Nella letteratura della Belle Époque, e in particolare nei romanzi di Daniel Lesueur, il concetto di "onore" per una donna non era legato alla passiva castità (come voleva la morale patriarcale), ma alla fedeltà verso i propri sentimenti e alle proprie responsabilità.
Esaminando i temi centrali, la trama e la tipologia dei personaggi di quest'opera, emergono chiaramente i motivi per cui il titolo provvisorio calzava alla perfezione:
1. Il conflitto cardine della protagonista (Il dualismo psicologico)
Al centro del romanzo c'è il ritratto di una figura femminile forte che si trova drammaticamente divisa a metà.
Da un lato c'è la madre, schiacciata dai doveri sociali, dal senso di protezione verso i figli e dalle aspettative della famiglia.
Dall'altro c'è la amante, intesa nel senso romantico e ottocentesco del termine: una donna conscia del proprio diritto all'amore, alla passione e alla felicità individuale.
Il titolo "Madre e amante" fotografava esattamente questo scontro interiore: la lotta tra l'abnegazione materna e la rivendicazione del proprio cuore.
2. La ridefinizione del concetto di "Onore"
Nel romanzo, l'autrice dimostra che l'autentico "onore" della protagonista non consiste nel sacrificare la propria felicità per salvare le apparenze di un matrimonio di convenienza o di una facciata borghese.
Al contrario, l'onore sta nel saper vivere con dignità e coraggio entrambe le dimensioni: l'amore materno e la passione sentimentale.
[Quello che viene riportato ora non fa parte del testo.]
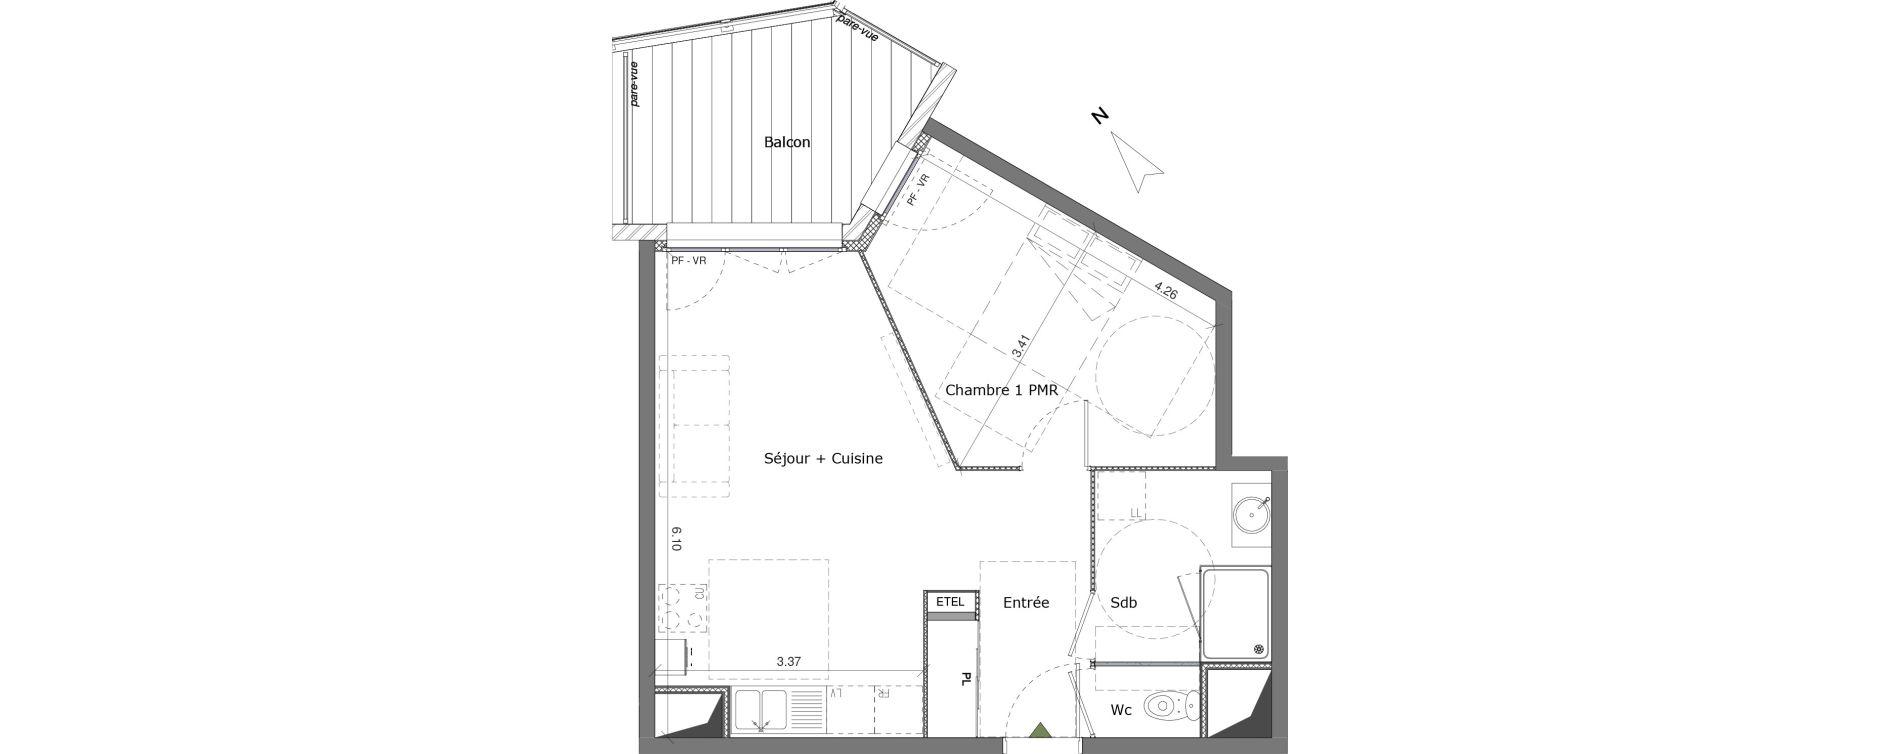 Appartement T2 de 45,00 m2 à Saint-Genis-Pouilly Centre

Luigi Lubrano, traducendo il testo per una collana intitolata "Il romanzo per tutti", voleva un titolo che esplicitasse immediatamente questo tabù sociale:
“una donna può essere contemporaneamente una madre devota e una donna appassionata?”
3. I personaggi specchio della società della Belle Époque
La galleria dei personaggi creata da Daniel Lesueur in quest'opera serve a mettere in luce le ipocrisie del codice civile dell'epoca (il Codice Napoleone), che annullava la personalità giuridica e affettiva della donna sposata.
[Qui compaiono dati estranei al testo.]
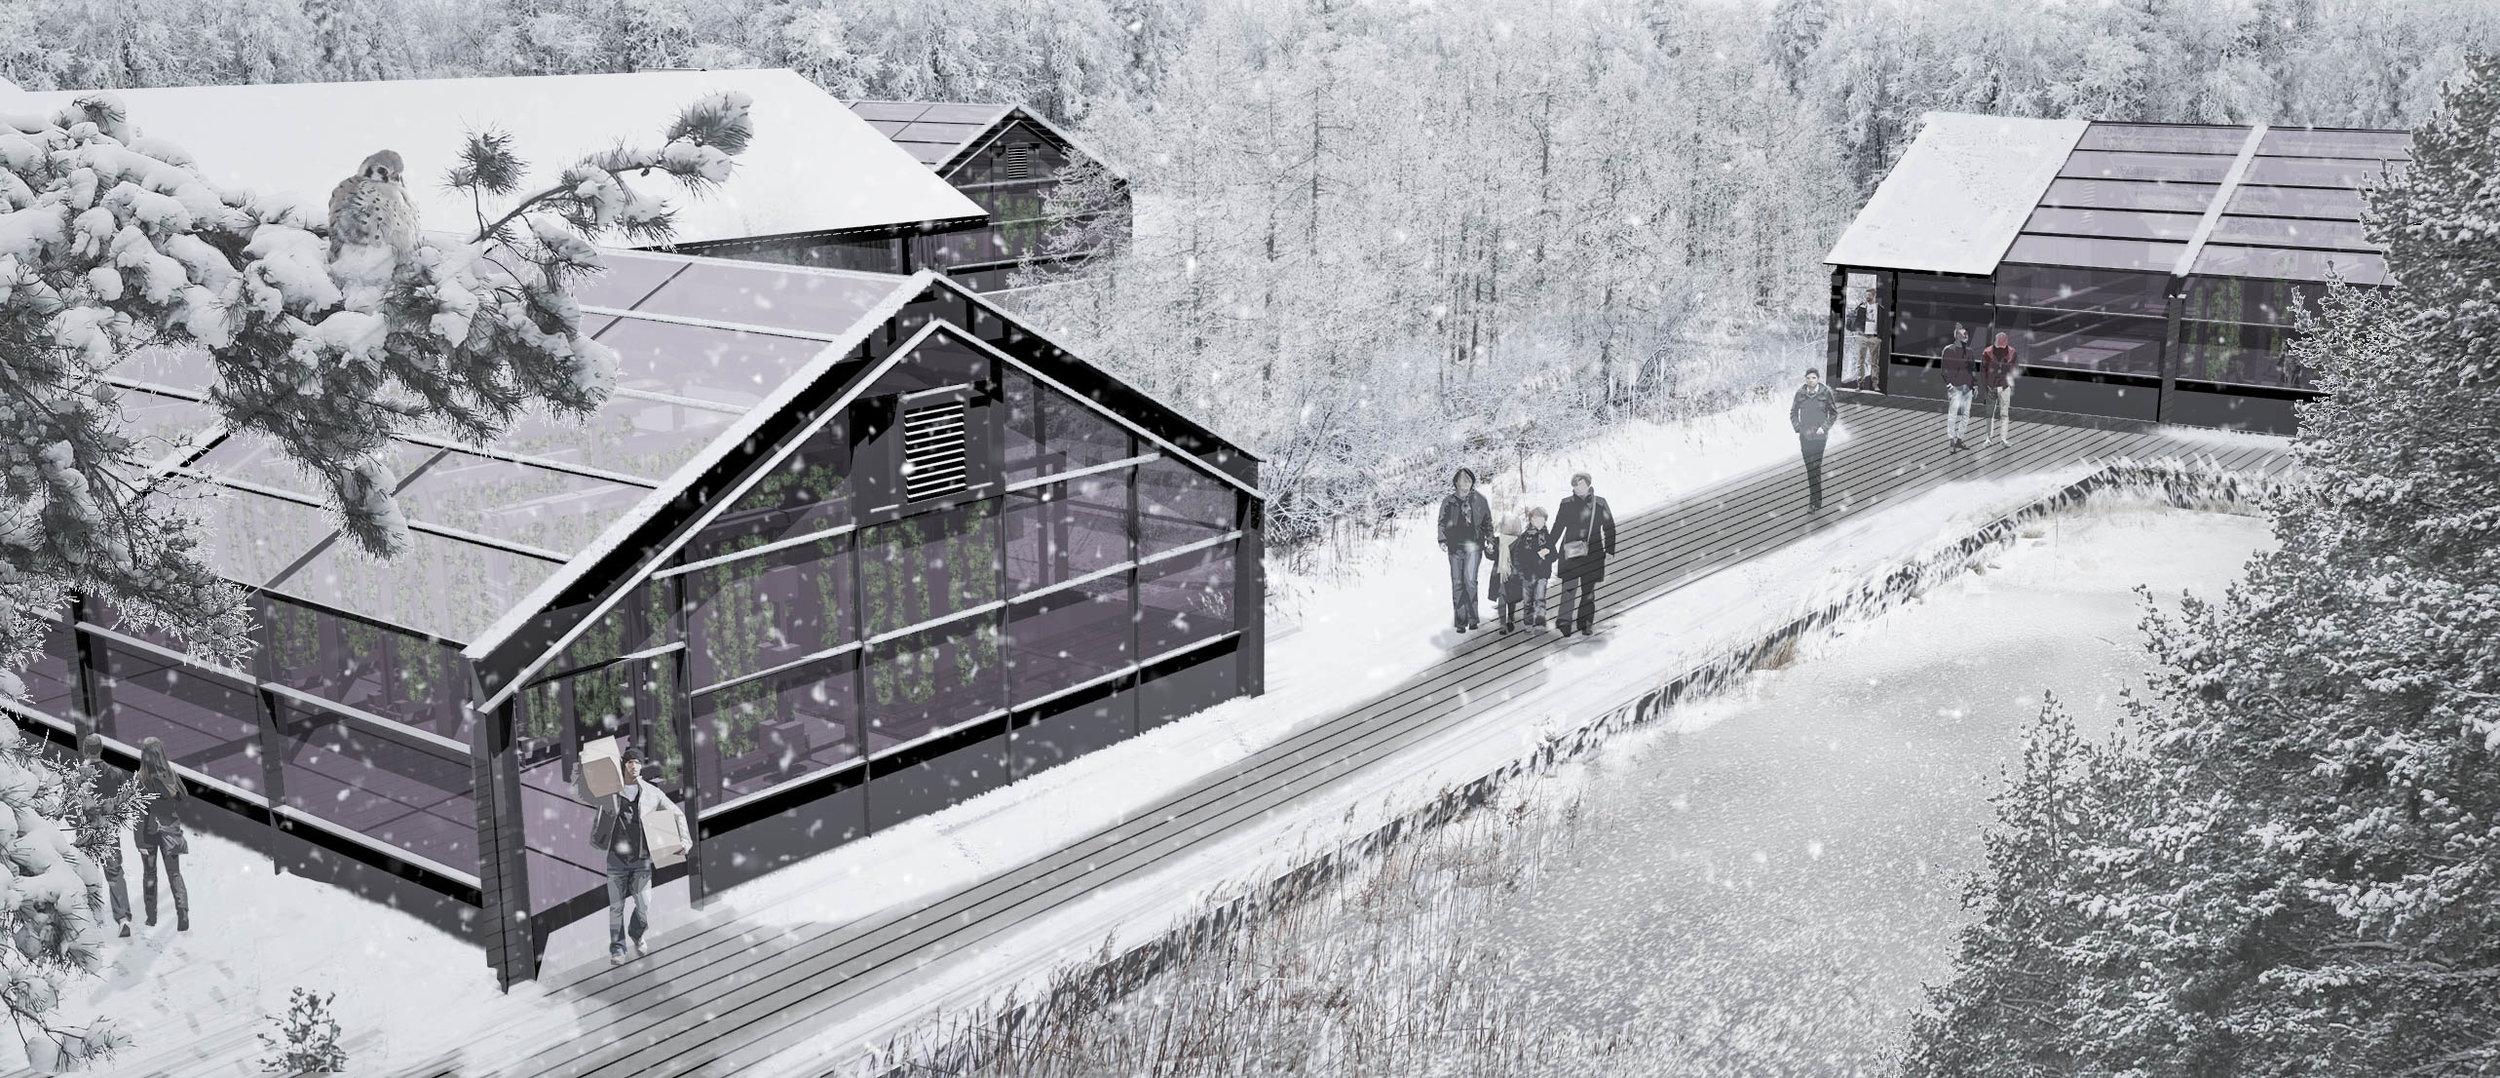 A Final snow2.jpg

I personaggi maschili rappresentano spesso l'autorità legale o il giudizio sociale che tenta di intrappolare la protagonista nel solo ruolo di "madre custode del focolare".
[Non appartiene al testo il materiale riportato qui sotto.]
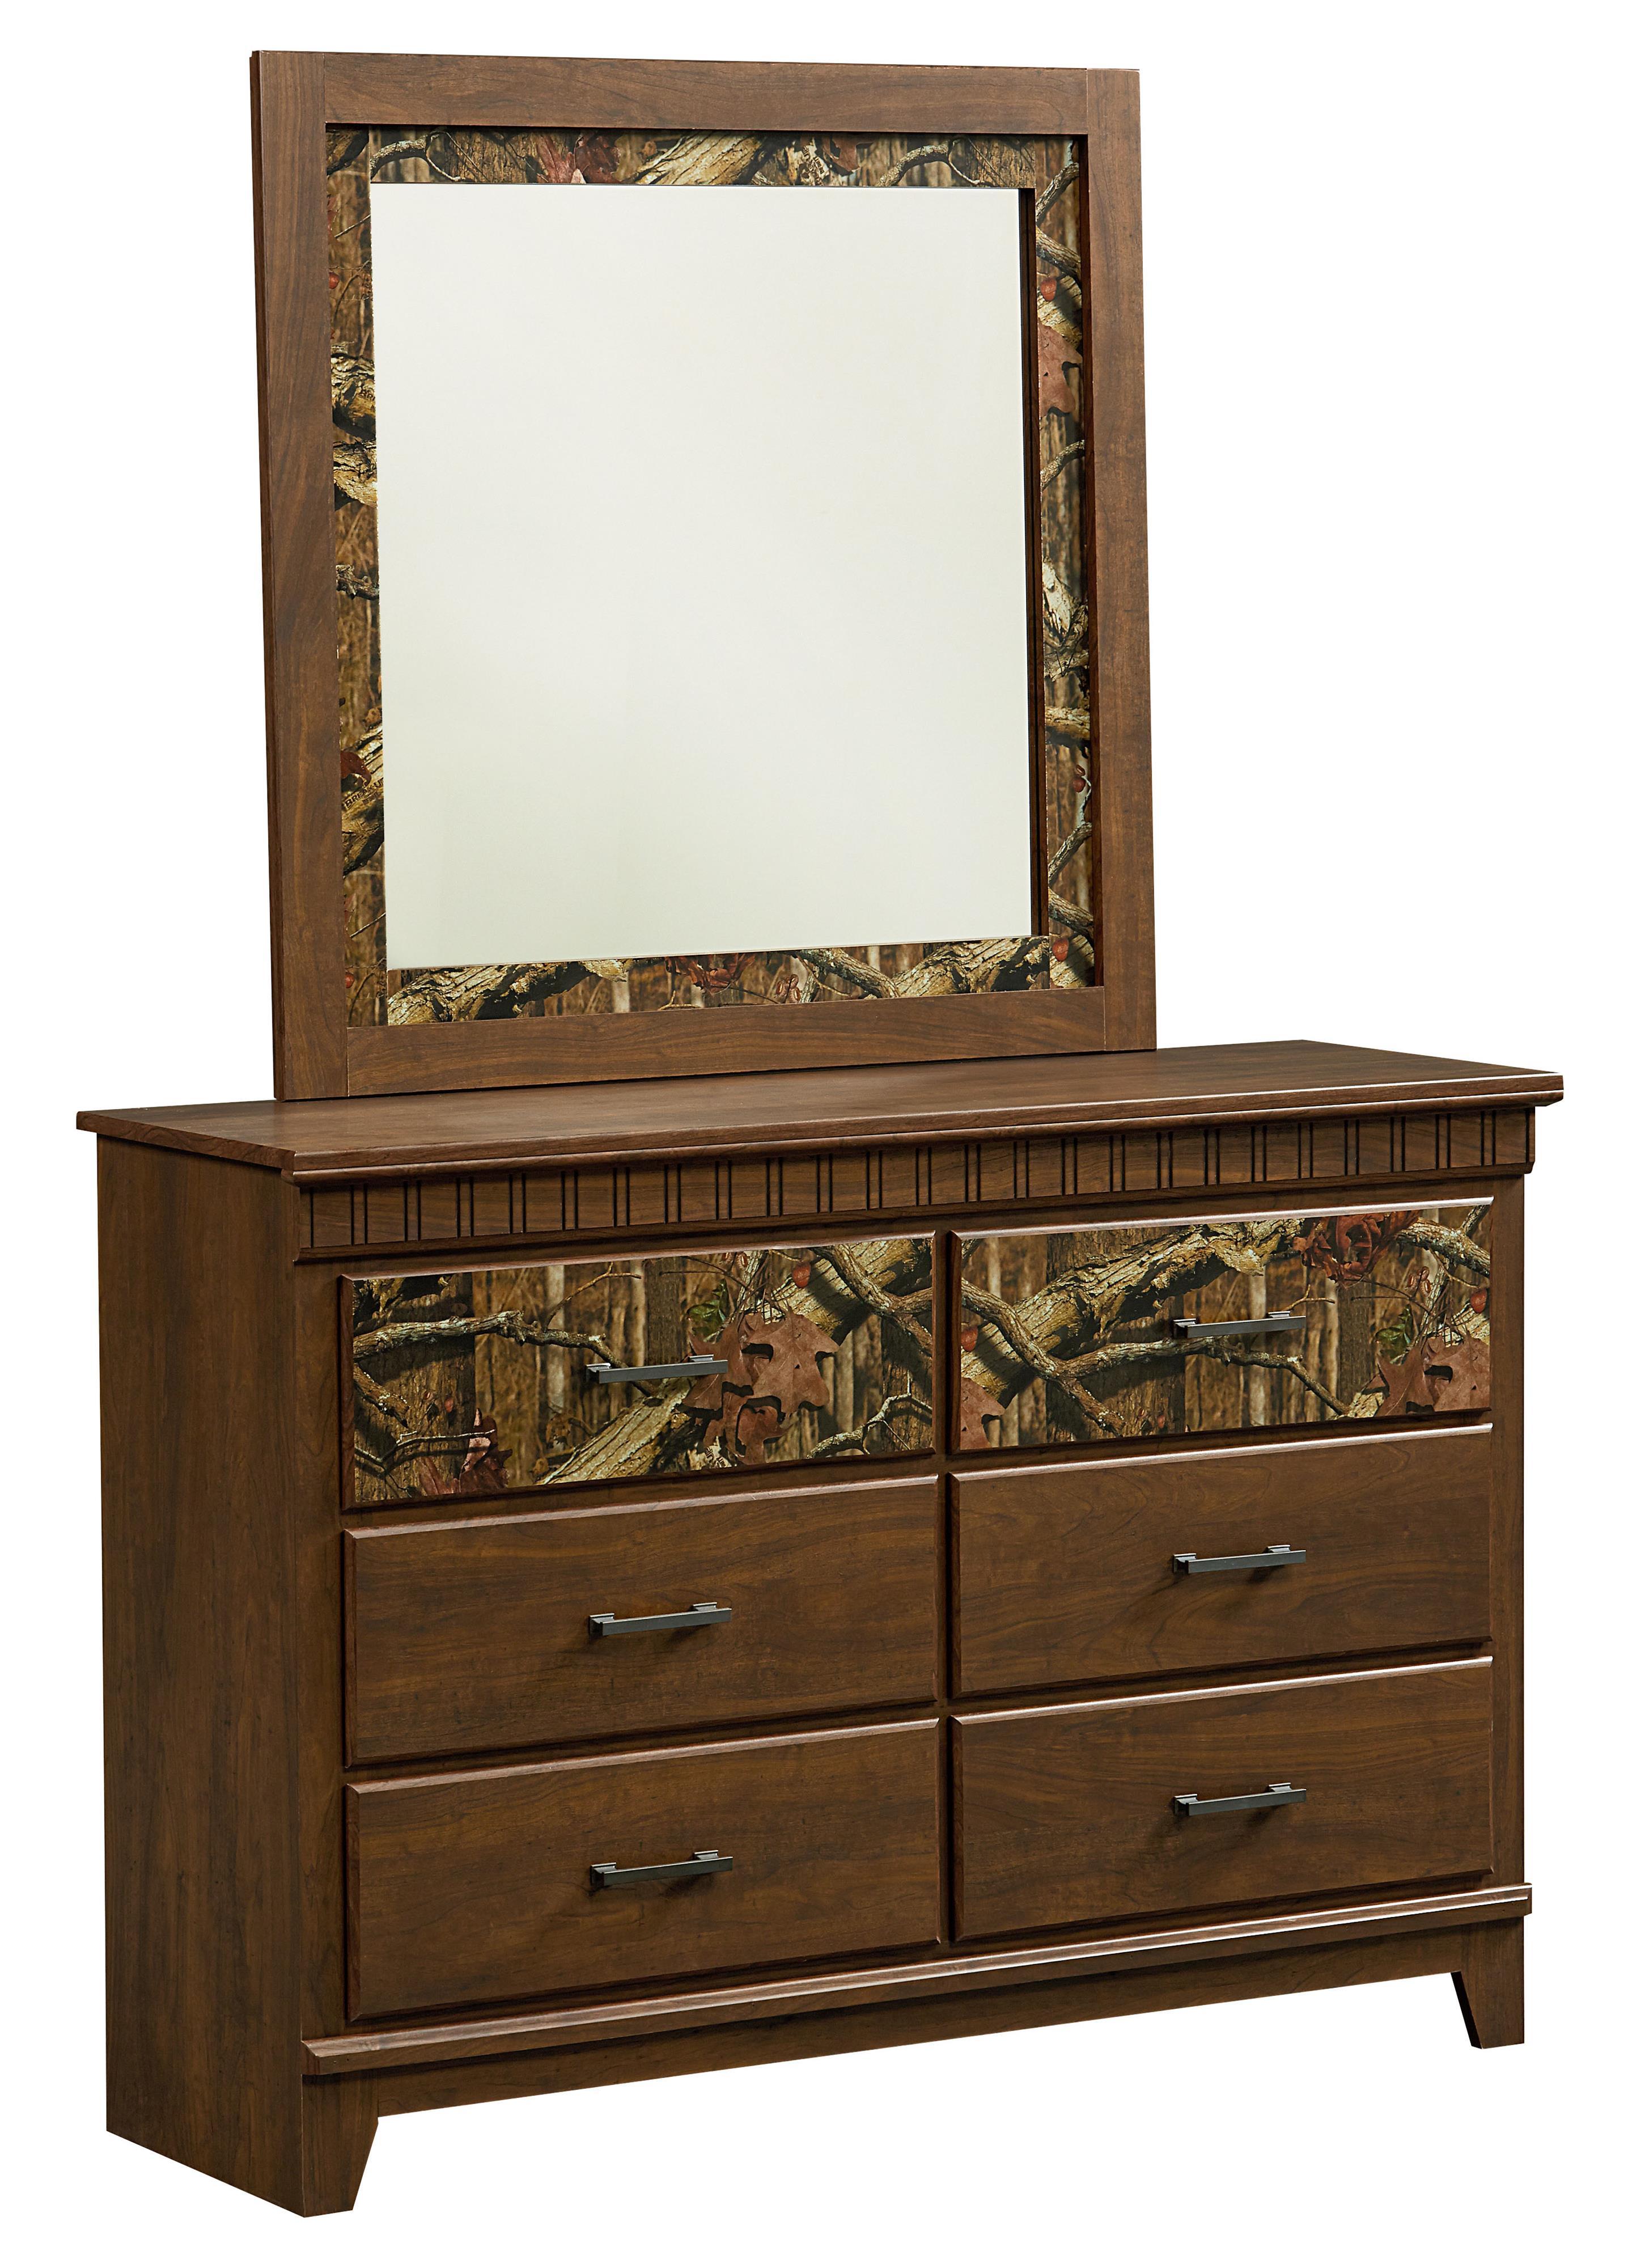 Standard Furniture Solitude Dresser and Mirror Set - Item Number: 52959+68

Di contro, la protagonista rivendica la sua interezza di essere umano, rifiutando di farsi mutilare i sentimenti.
In sintesi: perché il cambio di titolo?
Se dal punto di vista del contenuto "Madre e amante" descriveva perfettamente la condizione esistenziale e il dramma vissuto dalla protagonista, l'editore preferì infine "L'onore di una donna" per due motivi strategici:
- Era letteralmente fedele all'originale francese (L'Honneur d'une femme), garantendo il traino del successo parigino.
- Risultava meno scandaloso per l'epoca: la parola "amante", accostata a "madre", poteva risultare troppo provocatoria per le famiglie cattoliche italiane che acquistavano le dispense della collana, laddove la parola "onore" evocava un rassicurante (anche se poi scardinato dalla trama) dramma morale.
D’altronde per me è possibile fare solo delle congetture non avendo io altre possibilità per individuare la verità.
Luigi Lubrano non ha lasciato nulla per poter indagare, ma neanche è stato possibile reperire una copia, cartacea o meglio ancora digitale del volume per verificarne il contenuto: e forse perché un libro, con quel titolo, in sostanza non è mai stato pubblicato.
Nella bibliografia di Daniel Leseur questo volume, in effetti come s’è visto, non sembra sia mai esistito.
Dunque l’unica ipotesi che nel mio piccolo posso azzardare a ritenere valida è che Luigi Lubrano ed Eugenio Ferrara, sotto i tipi di “Lubrano e Ferrara editori” abbiano pubblicato di questa autrice un solo romanzo e non due come sembrerebbe apparire.